Steps to Manage a Confrontation

manage a confrontationHow many times in your role as leader have you experienced a clashing of attitudes or ideas with one of your followers or even another employee? How often are you called in to mediate or resolve situations where people just don’t see eye to eye on an issue? It happens frequently, doesn’t it? And if you’re like most people, you find these situations uncomfortable and full of emotional minefields.

As leaders, we recognize that problems like these need to be addressed, but so many of us hate and therefore avoid the confrontation we know needs to take place. We say things like, “this will only make matters worse.” “I’m not sure I can control my emotions.” “Maybe if I give it some time, the issue will resolve itself.” Do any of these sound familiar? Probably so. Unfortunately, it is at best, wishful thinking.

Knowing how to successfully manage a confrontation is a skill that all leaders need in their toolkit.

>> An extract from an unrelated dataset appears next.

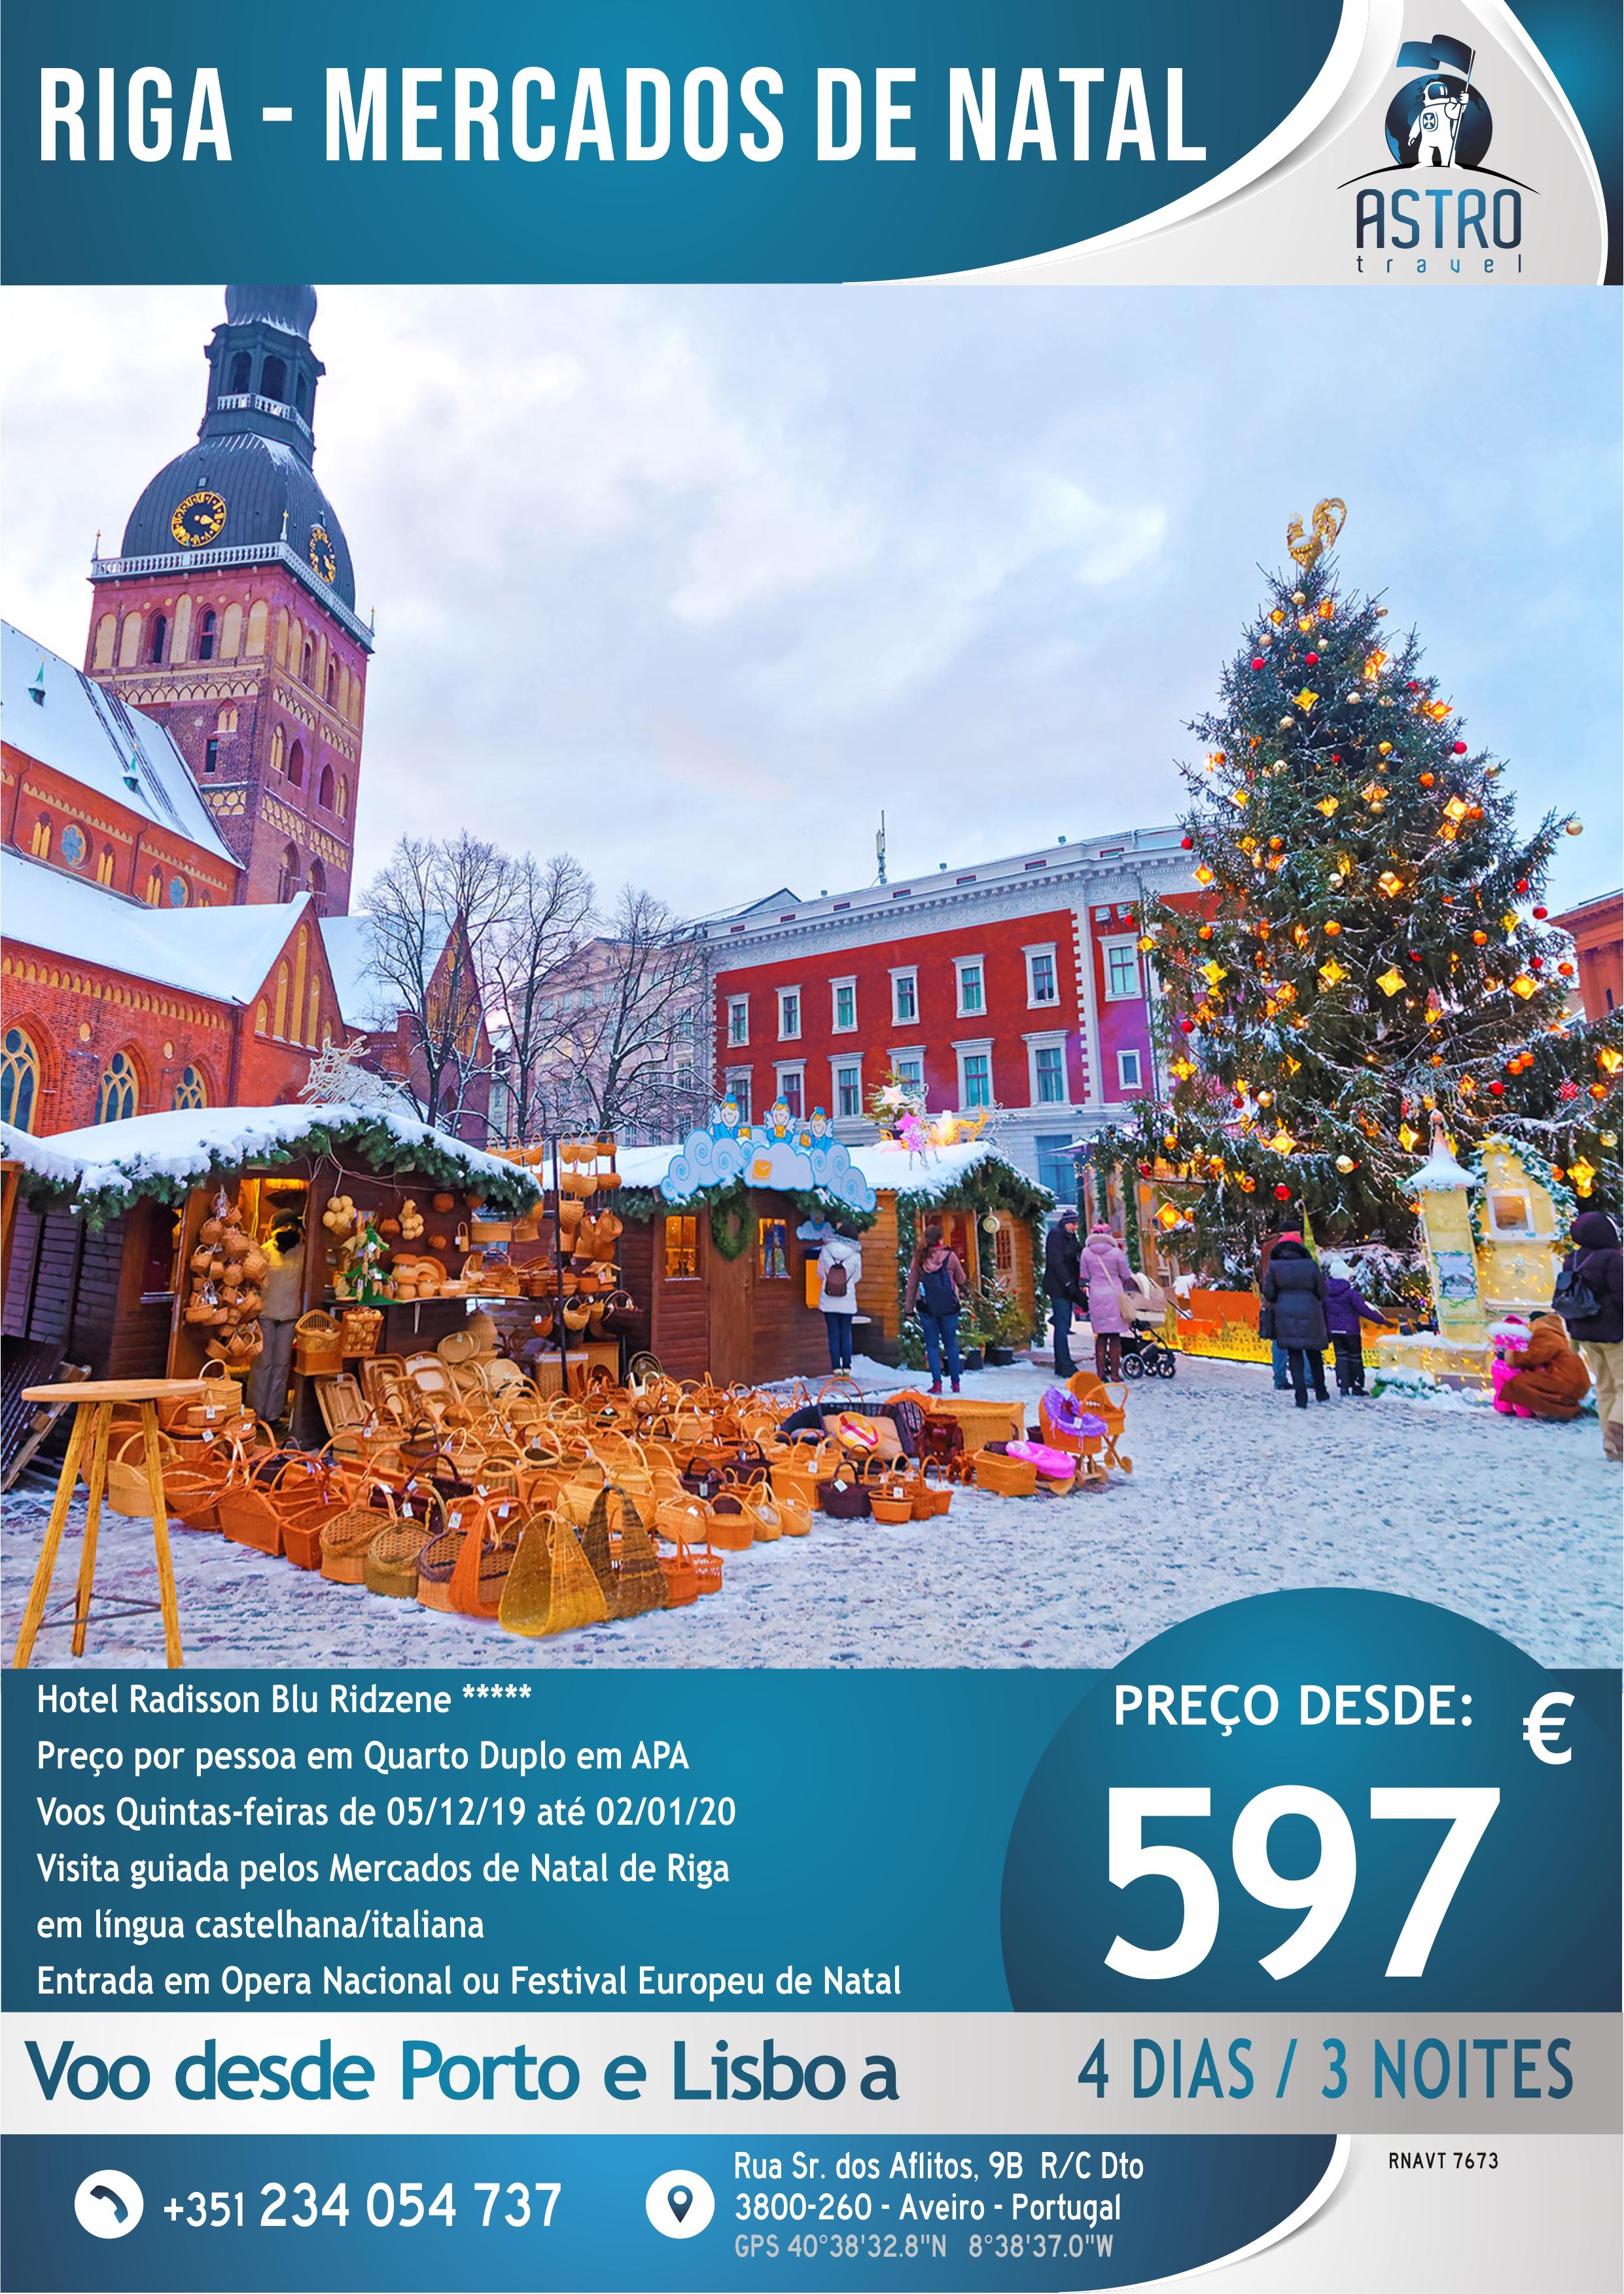 Riga mercados de natal 0

If you’ve been avoiding confrontation for fear of doing more harm than good, consider equipping yourself with these techniques for managing the situation effectively.

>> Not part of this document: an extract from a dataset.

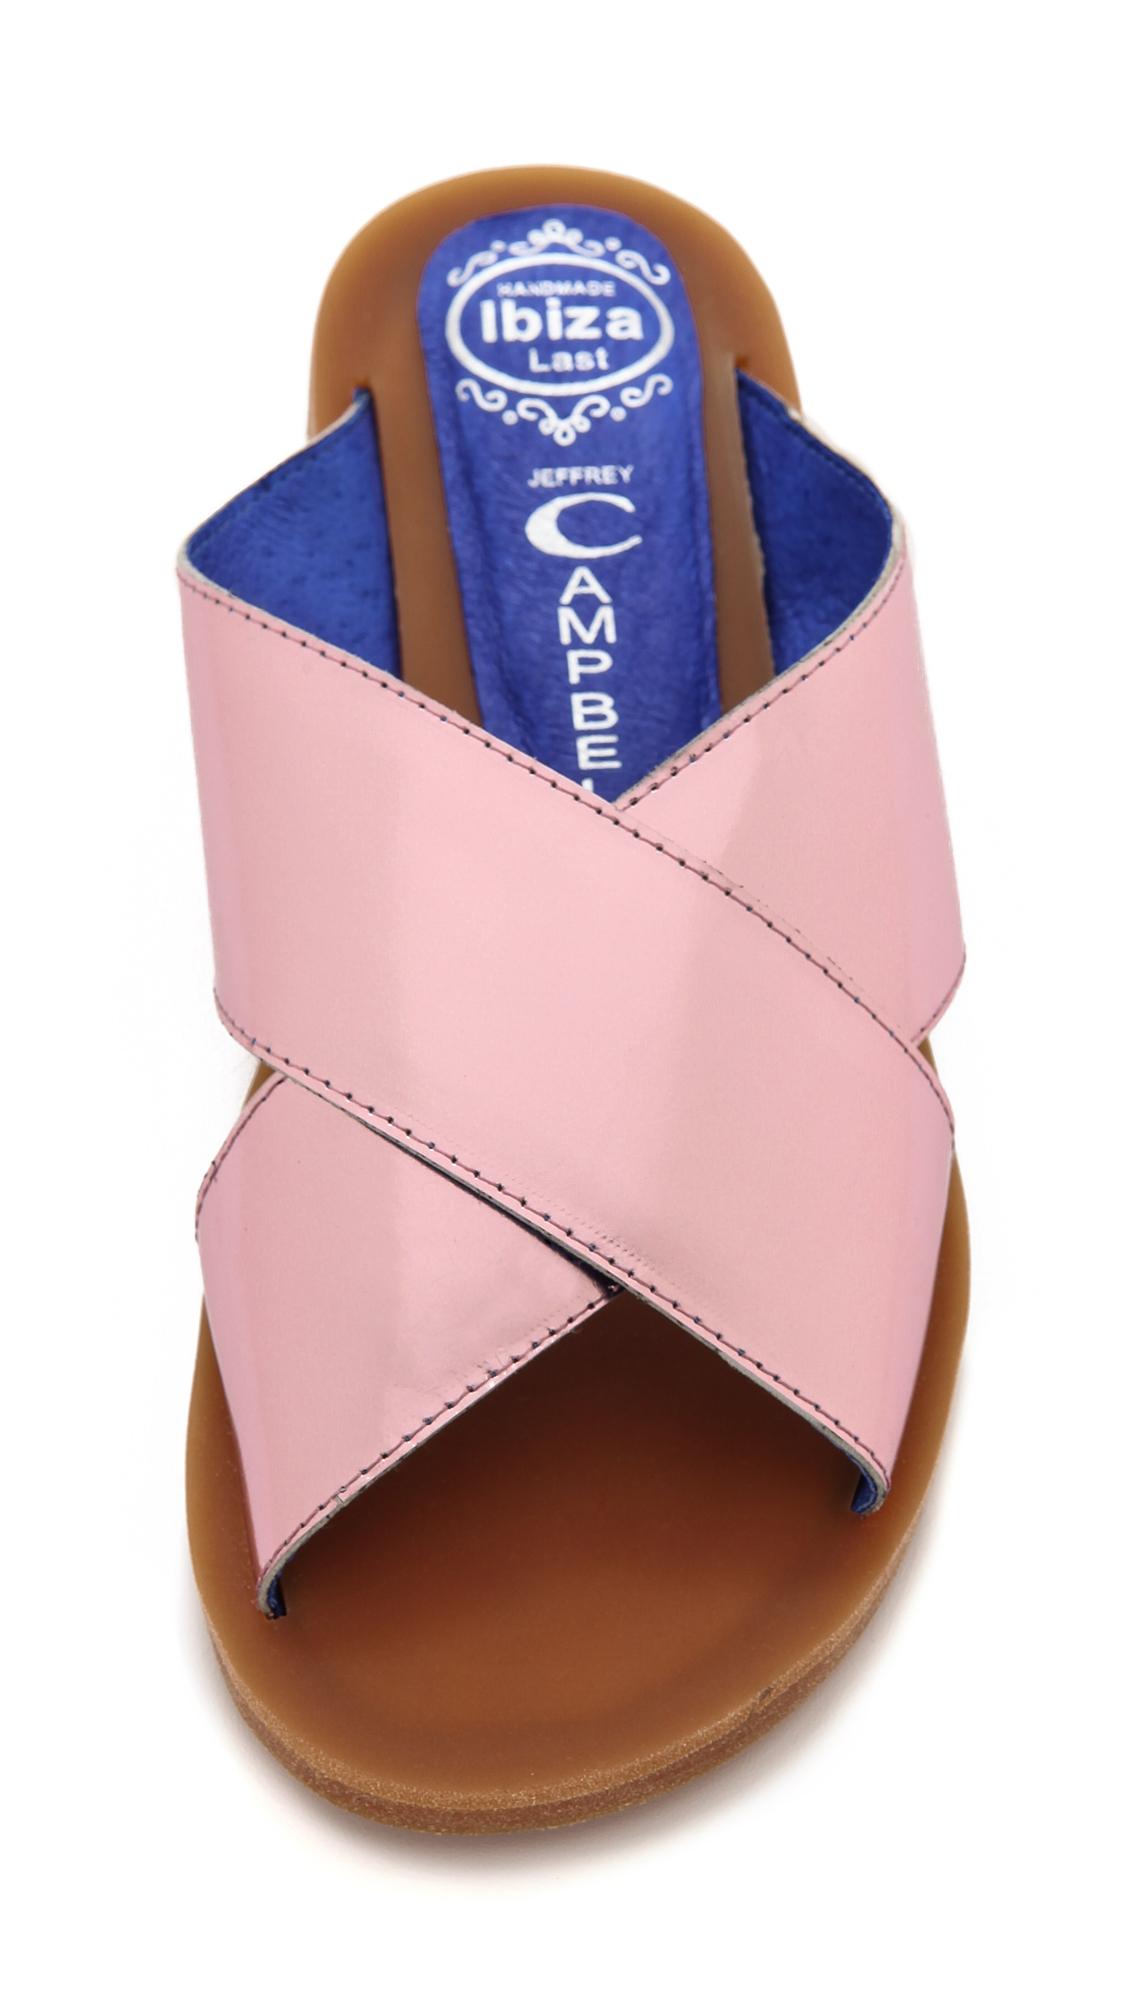 Jeffrey Campbell Caprese Crisscross Slide Sandals Rose

How to Manage a Confrontation

1.  Prepare yourself in advance. Clearly determine the cause for the confrontation. Are you addressing a performance issue, an unacceptable attitude or perhaps a safety issue? Also determine the purpose or the goal for the confrontation. What do you want the confrontation to achieve? How do you want to be perceived after the confrontation? With these answers in mind, it will be easier to stay on target during the confrontation.

2.  Do not procrastinate if a confrontation is necessary. Many leaders try to convince themselves that the problem with work itself out or dissipate if left alone. Putting off what needs to be addressed allows more time for emotions to grow and frustrations to fester. The reality is that bad news does not get better with time.

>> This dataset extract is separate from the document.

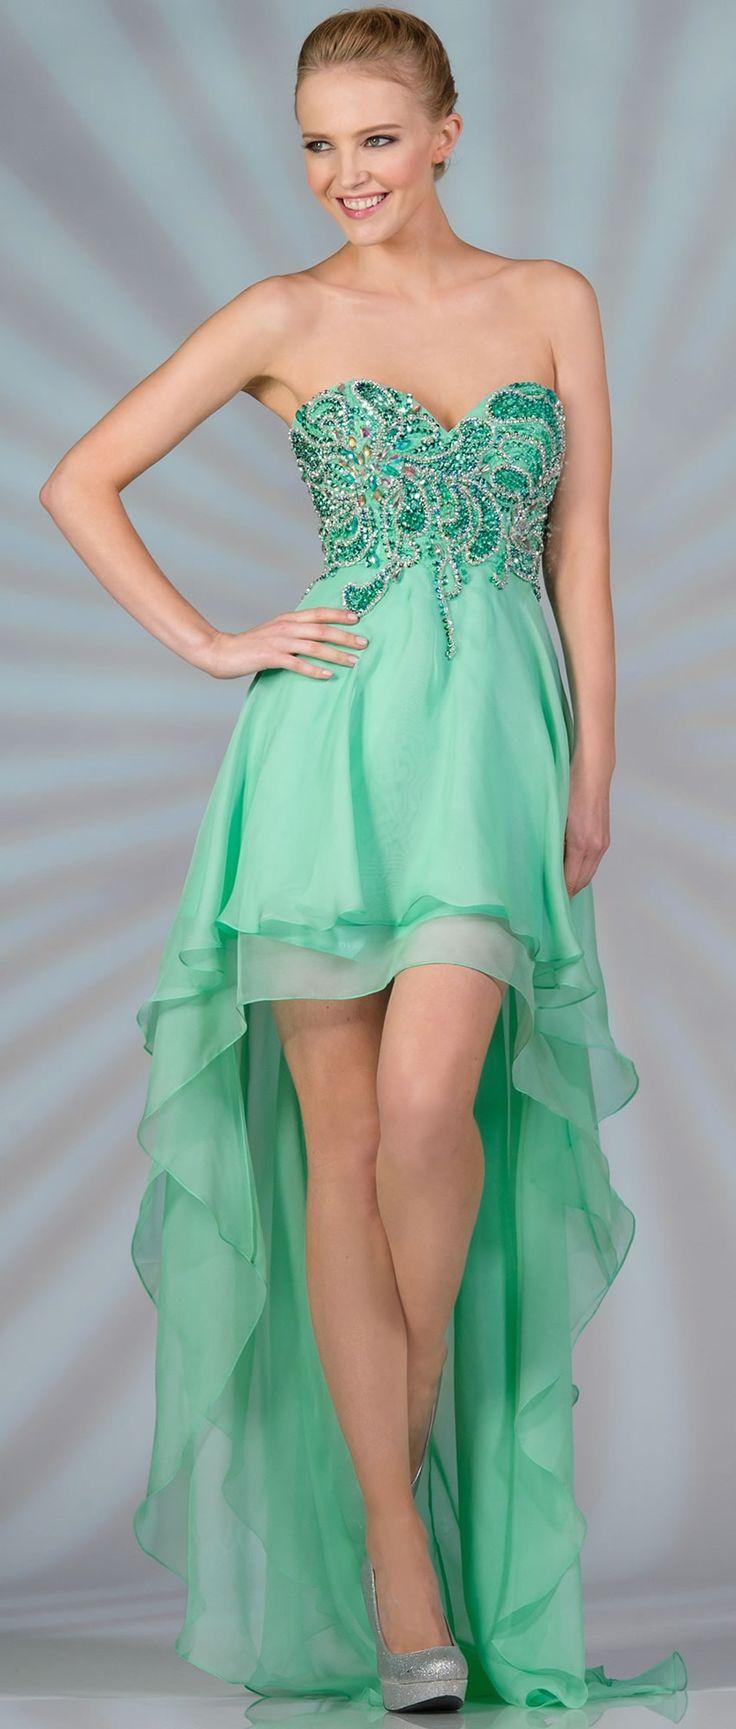 60 best High-Low Dresses images on Pinterest | Ball gowns, Ballroom ...

3.  Avoid extreme emotional involvement. Never initiate a confrontation when you are emotionally charged. This is difficult, but that is why preparing yourself in advance is so important.

4.  Choose carefully the time and place for the confrontation. Go behind closed doors if possible. Confrontation in front of an audience invites embarrassment and offers undue opportunities for “emotional performances.”  Consider timing the confrontation at the end of the work day. This gives the other person an easy exit for cooling off and considering the issue.

5.  Work to determine the other person’s driving needs. Try to evaluate the issue from their vantage point.

6.  Willing accept some measure of responsibility for the situation – admit fault if you are to blame in part or in total.

7.  Allow the other person time to vent. Remember, you have had the advantage of sorting through your emotions before initiating this confrontation. Give the other person the same opportunity.

8.  Zero in on the problem, not the person. Positive confrontation focuses on the problem. Negative confrontation focuses on the person. Frame the conversation in terms of specific expectations for future performance. Encourage feedback regarding alternative solutions or approaches for managing the issue.

You may not find a solution immediately. You may never completely agree on the issue. But a leader’s responsibility is to address difficult issues and ensure steps are taken to work toward a mutually agreeable solution. It’s hard work – and something that leaders ought to know.

Phillip Van Hooser
Leadership Expert, Keynote Speaker, Concept Director at LeadersOughtToKnow®
phil@leadersoughttoknow.com

Need More In-Depth Training for Resolving Workplace Conflict? Find it Here.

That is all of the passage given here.